* What this task involves *
Looking only at the lines below that contain "Bedroom", give the number of them and no other text.

* Recorded data *
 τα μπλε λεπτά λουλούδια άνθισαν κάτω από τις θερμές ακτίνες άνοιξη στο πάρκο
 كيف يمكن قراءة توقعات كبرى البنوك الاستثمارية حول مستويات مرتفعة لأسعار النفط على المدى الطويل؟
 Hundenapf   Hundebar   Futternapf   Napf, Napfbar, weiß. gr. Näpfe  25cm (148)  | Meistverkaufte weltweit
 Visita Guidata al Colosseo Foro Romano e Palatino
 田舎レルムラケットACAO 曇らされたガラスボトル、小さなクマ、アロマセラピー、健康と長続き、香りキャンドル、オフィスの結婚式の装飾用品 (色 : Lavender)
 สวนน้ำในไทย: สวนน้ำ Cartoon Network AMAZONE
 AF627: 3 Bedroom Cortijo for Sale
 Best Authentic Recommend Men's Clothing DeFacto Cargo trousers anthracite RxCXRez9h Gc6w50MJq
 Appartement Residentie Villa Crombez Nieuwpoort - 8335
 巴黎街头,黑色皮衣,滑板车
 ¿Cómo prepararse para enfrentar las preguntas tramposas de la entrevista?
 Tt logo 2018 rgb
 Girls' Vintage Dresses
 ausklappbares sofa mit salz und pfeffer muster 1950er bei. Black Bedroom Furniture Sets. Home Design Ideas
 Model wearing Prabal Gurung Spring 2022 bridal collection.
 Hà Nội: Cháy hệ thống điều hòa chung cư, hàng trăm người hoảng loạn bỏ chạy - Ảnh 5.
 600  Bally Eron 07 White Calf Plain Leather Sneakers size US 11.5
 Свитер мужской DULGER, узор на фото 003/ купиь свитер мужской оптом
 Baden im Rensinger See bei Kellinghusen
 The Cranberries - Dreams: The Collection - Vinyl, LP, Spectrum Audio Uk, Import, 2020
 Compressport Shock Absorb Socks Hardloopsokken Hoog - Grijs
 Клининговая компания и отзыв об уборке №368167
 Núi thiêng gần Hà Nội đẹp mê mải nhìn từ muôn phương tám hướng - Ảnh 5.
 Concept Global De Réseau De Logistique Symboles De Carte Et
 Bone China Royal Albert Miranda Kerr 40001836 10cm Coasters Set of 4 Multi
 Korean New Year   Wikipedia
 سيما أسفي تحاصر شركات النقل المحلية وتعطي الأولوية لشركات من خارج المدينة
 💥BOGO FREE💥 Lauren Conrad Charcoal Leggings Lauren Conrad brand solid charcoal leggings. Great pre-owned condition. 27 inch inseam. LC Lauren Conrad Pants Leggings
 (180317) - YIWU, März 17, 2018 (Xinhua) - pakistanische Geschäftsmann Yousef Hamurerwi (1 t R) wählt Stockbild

* Output of the exercise *
2